Pembakaran dan Penembakan Iringi Penyisiran Cot Peurabeu

Serambi-Banda Aceh
Satu pintu kedai kopi, tiga unit sepeda motor, dan satu pos jaga, di Simpang Cot Peurabeu, Kecamatan Kuta Baro, Aceh Besar, sekitar pukul 13.00 kemarin menjadi sasaran pembakaran, pengrusakan, dan penembakan, saat aparat keamanan menyisir lokasi itu, sehubungan terjadinya insiden antara empat anggota intel polisi dengan masyarakat setempat.
Menurut keterangan warga, sekitar pukul 11.00, empat orang "tamu" - - yang belakangan diketahui adalah anggota intel polisi -- terlihat menuju ke arah Cot Keu-eung. Ketika melewati pos jaga Simpang Peurabeu, mereka distop masyarakat dan dimintai identitas.
Setelah keempat anggota Intel Polda itu berhasil meloloskan diri, masyarakat setempat kembali dengan kesibukan masing-masing. Namun sekitar pukul 12.30, datang beberapa truk aparat Brimob yang diperkuat panser. Tanpa tanya ini-itu, aparat dilaporkan langsung mengobrak-abrik sebuah warung di lintas Tungkop-Lam Ateuk (persimpangan Cot Peurabeu), sebuah rumah di belakang warung tersebut, serta sebuah rumah di depan pos jaga.
Usai dimasuki aparat, suasana dalam rumah milik Abdurrahman itu terlihat "hancur-hancuran". Antara lain, barang-barang berserakan. Kaca-kaca jendela pecah. Tilam, pesawat televisi tampak berlubang- lubang bekas tembakan.
Selain itu, aparat juga dilaporkan membakar pos jaga, dan satu warung di samping pos jaga tersebut, termasuk mengobrak-abrik isinya. Selain itu, dua unit kendaraan roda dua milik masyarakat setempat juga dibakar, plus sebuah vespa ditembaki pada bagian mesin.
Tak ada kontak senjata
Masyarakat setempat secara tegas mengatakan, tak ada kontak senjata antara aparat Brimob dengan pihak-pihak tertentu. Aparat hanya melepaskan tembakan ke arah rumah penduduk, termasuk melakukan pembakaran. "Tulis ini. Jangan sampai nanti ada yang menilai telah terjadi kontak senjata. Kami menyaksikan langsung peristiwa ini," kata warga setempat berulang-ulang kepada Serambi yang turun ke TKP beberapa saat setelah terjadi insiden itu.

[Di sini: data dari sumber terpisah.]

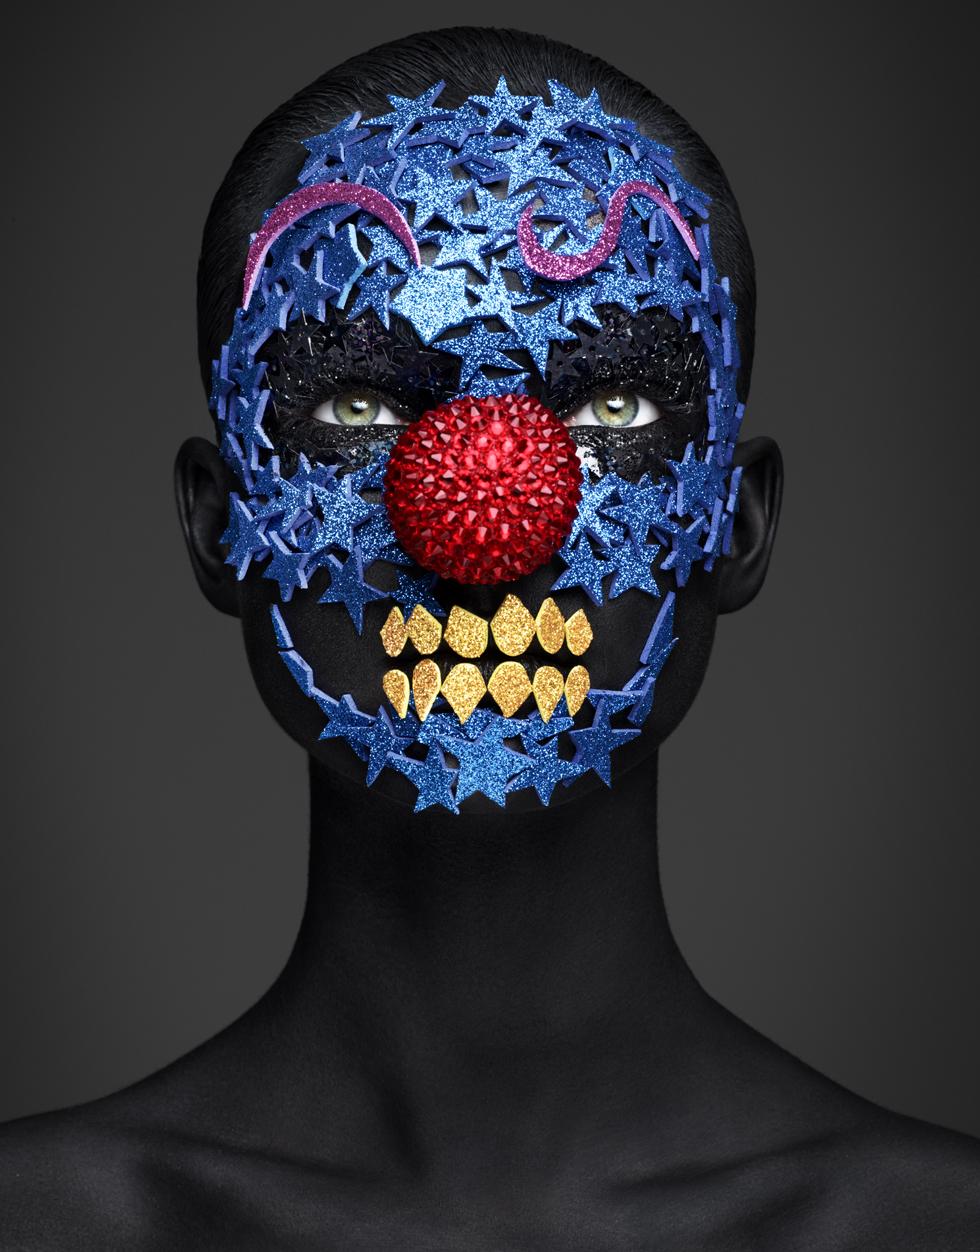 andrew-gallimore-diadelasmuertes-masks-06

Sementara seorang tokoh Aceh Besar yang menelepon Serambi sekitar pukul 18.00 kemarin secara tegas mengatakan, aparat telah melakukan pelanggaran HAM. "Selama ini sering digembar-gemborkan soal HAM. Ternyata kasus Cot Peurabeu membuktikan ternyata yang melakukan pelanggaran HAM tersebut adalah aparat. Mereka membakar dan menembaki bangunan milik masyarakat tak berdosa," kata tokoh tersebut.
Tokoh itu juga menyesalkan kejadian di Cot Peurabeu itu. Karena selama ini Aceh Besar dikenal tenang dan menjadi benteng terakhir Aceh dalam hal keamanan. "Kini ada yang memancing-mancing agar Aceh Besar terseret dalam konflik berkepanjangan. Kita tentu tak mengharapkan insiden seperti ini terulang," katanya.
Kapolres Aceh Besar, Letkol Pol M Ali Husin kepada Serambi mengatakan, penyisiran yang dilakukan aparatnya di Simpang Cot Peurabeu, Kecamatan Kota Baro yang menuju ke Cot Keu-eung sehubungan empat anggota intel Satgas Ops Sadar Rencong III yang sempat diinterogasi kelompok warga di sebuah rumah depan pos Simpang Cot Peurabeu tersebut kemarin pagi.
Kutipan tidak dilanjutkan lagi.